I don't know when Janet came to bed; that didn't rouse me. But when she came back to bed after getting up to use the bathroom, I woke up.

I did not wake up drowsy and tired. I did not wake up merely refreshed. I woke up surging with energy, feeling as if I were ready to explode, because of the dream I had just had. I said something to Janet about wondering whether I should tell her about the dream, but I needed to go to the bathroom.

Dreams fade quickly; by the time I wrote about the dream in my journal, some details had faded. But it went something like this:

I was, it seemed, a new employee in the marketing department of a large company. And somehow I was chairing a meeting of honchos. And I left the meeting and ran into someone from the design department - bumped into him so that he dropped his stuff - and as I was helping him pick it up, either I saw this phrase on one of his papers, or he spoke it: "Change the fucking world."

And it penetrated like a bullet, and set me on fire.

And I went back to my meeting, which was running late, or running long, or both, and instead of feeling scared because of that or apologizing for that, I went in with total swagger because it didn't matter that the meeting was late or long or both, what mattered was that we were going to change the fucking world. And I said so.

And I saw "change the fucking world" becoming a global mantra, with me as chief guru for the attendant movement. I saw myself, like Anthony Robbins (Has he stopped being "Tony"?), onstage in an auditorium filled with thousands - no, tens of thousands - pouring out verbal fire to help them change themselves so that they could change the fucking world.

I saw T-shirts emblazoned with a four-color logo: CTF*W. I saw bumper stickers with the same. Coffee mugs.

I saw myself re-ordering my personal relationships, putting family, friends and acquaintances on notice: "I want people around me who want to change the fucking world. If you don't want to change the fucking world, that's okay - but I gotta ask, 'Why not?'"

And there was was music - a throbbing anthem for full orchestra, led by brass.

And I woke up ready to change the fucking world, NOW.

On my way to the bathroom, I glanced at the wall clock in the kitchen and thought it said 6-something, and concluded that I may as well stay up, because there was no way that I could fall back asleep. I'd do better to start getting ready to leave - I felt like I could drive a thousand miles.

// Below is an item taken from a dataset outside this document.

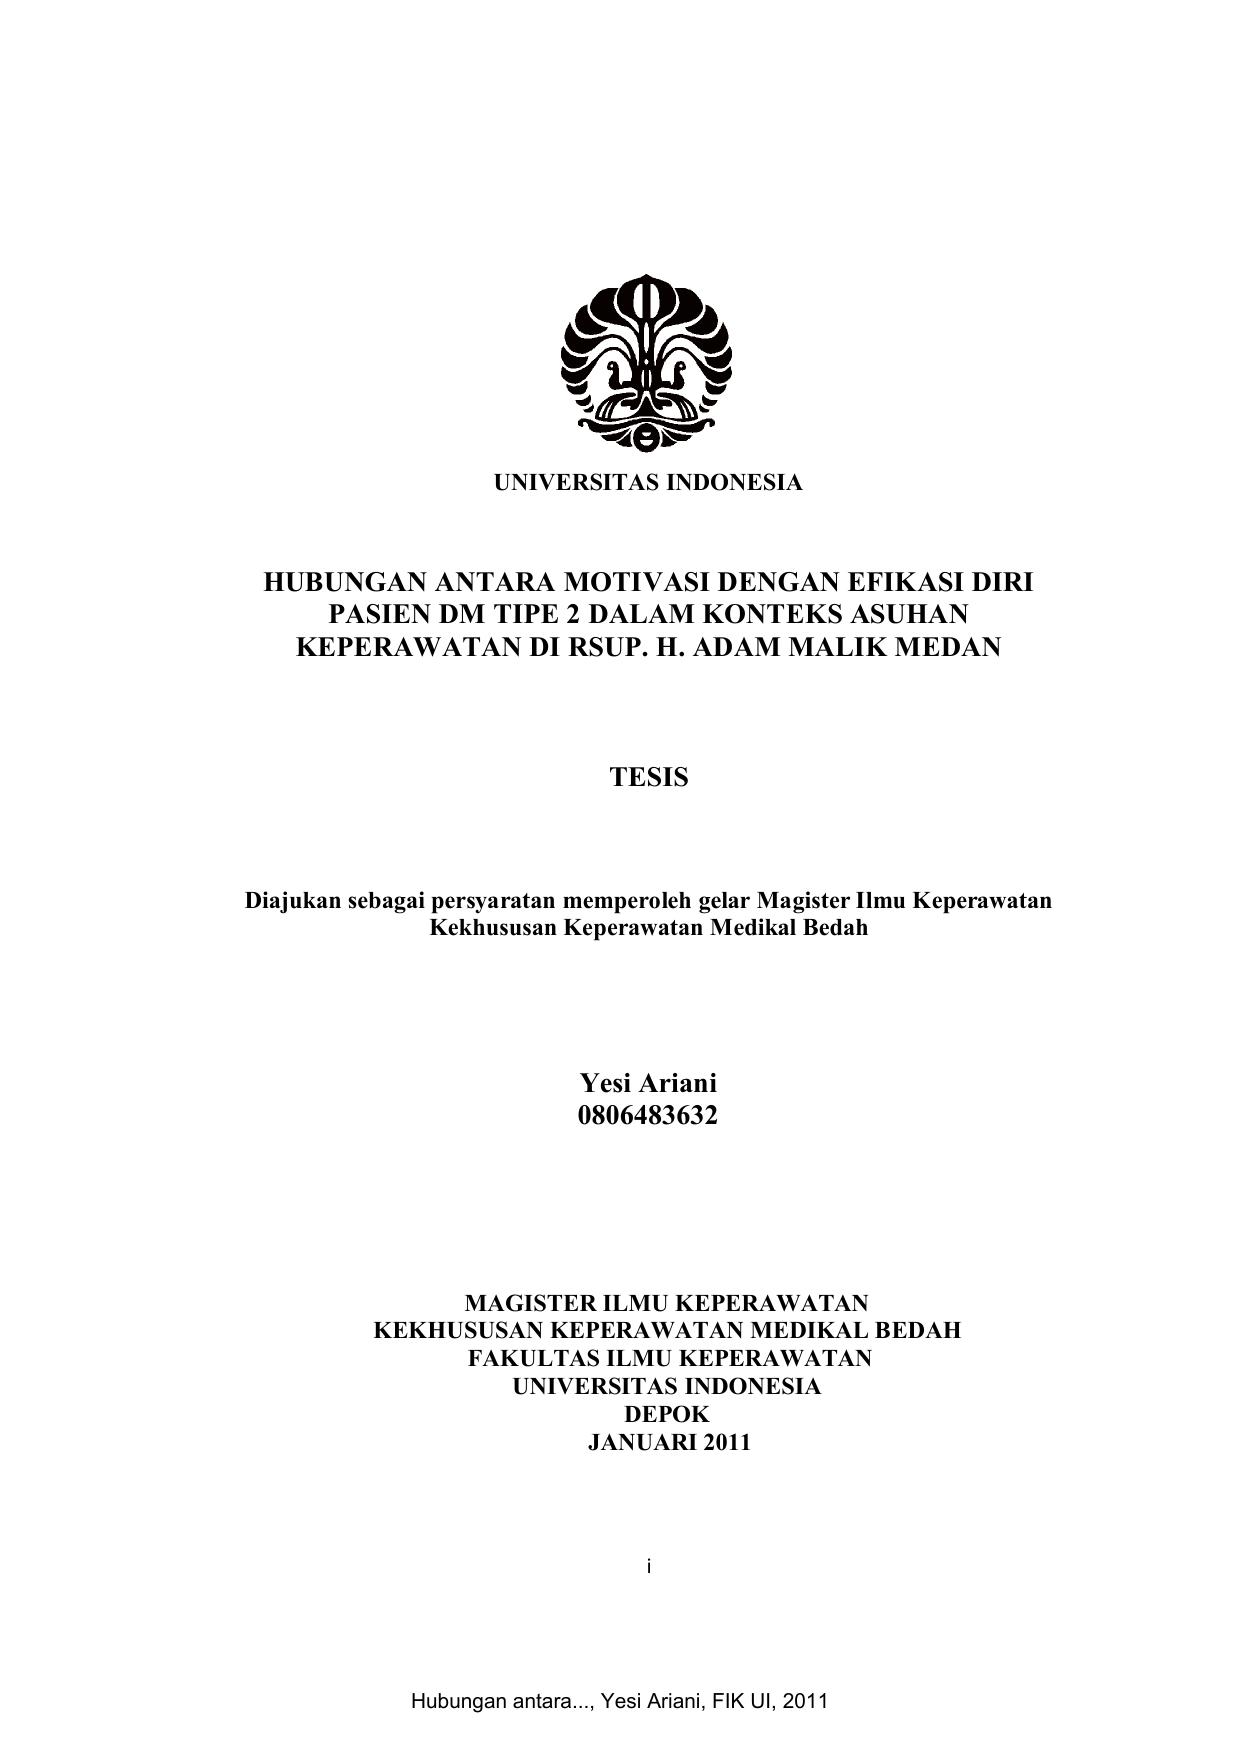 Contoh Proposal Penelitian Keperawatan Medikal Bedah Berbagi Contoh Proposal

The music was filling my brain, along with the images of T-shirts and bumper stickers and me onstage before tens of thousands ("Now get outta here, and CHANGE THE FUCKING WORLD!" Crowd roar: "YEAAAHHHH!!!"). And, and...

I was linking "Change the fucking world" to the call of Christ and the identity of the Christian:
For we are God's handiwork, created in Christ Jesus to devote ourselves to the good deeds for which God has designed us.     (Ephesians 2) 
"We're created in Christ Jesus to change the fucking world," I said.

And all of this is happening on a trip to the bathroom, and I want to ACT, so I pick up my phone to check the availability of the website address, changethefuckingworld.com, and I see that...

...it's 3:26 a.m.

WHAT???

I was totally jazzed emotionally, I was almost exploding with physical energy, and my mind was focused like a laser and racing like a lightcycle...

...on three hours of sleep????

I immediately wanted to know, "What brought about this phenomenal state, and how can I get it again?"

My best guess, then and now, is that my state was fueled by having drank multiple glasses of punch at the funeral meal, followed by two cans of Pepsi later. Both my body and brain may have been sent into overdrive by sugar and caffeine.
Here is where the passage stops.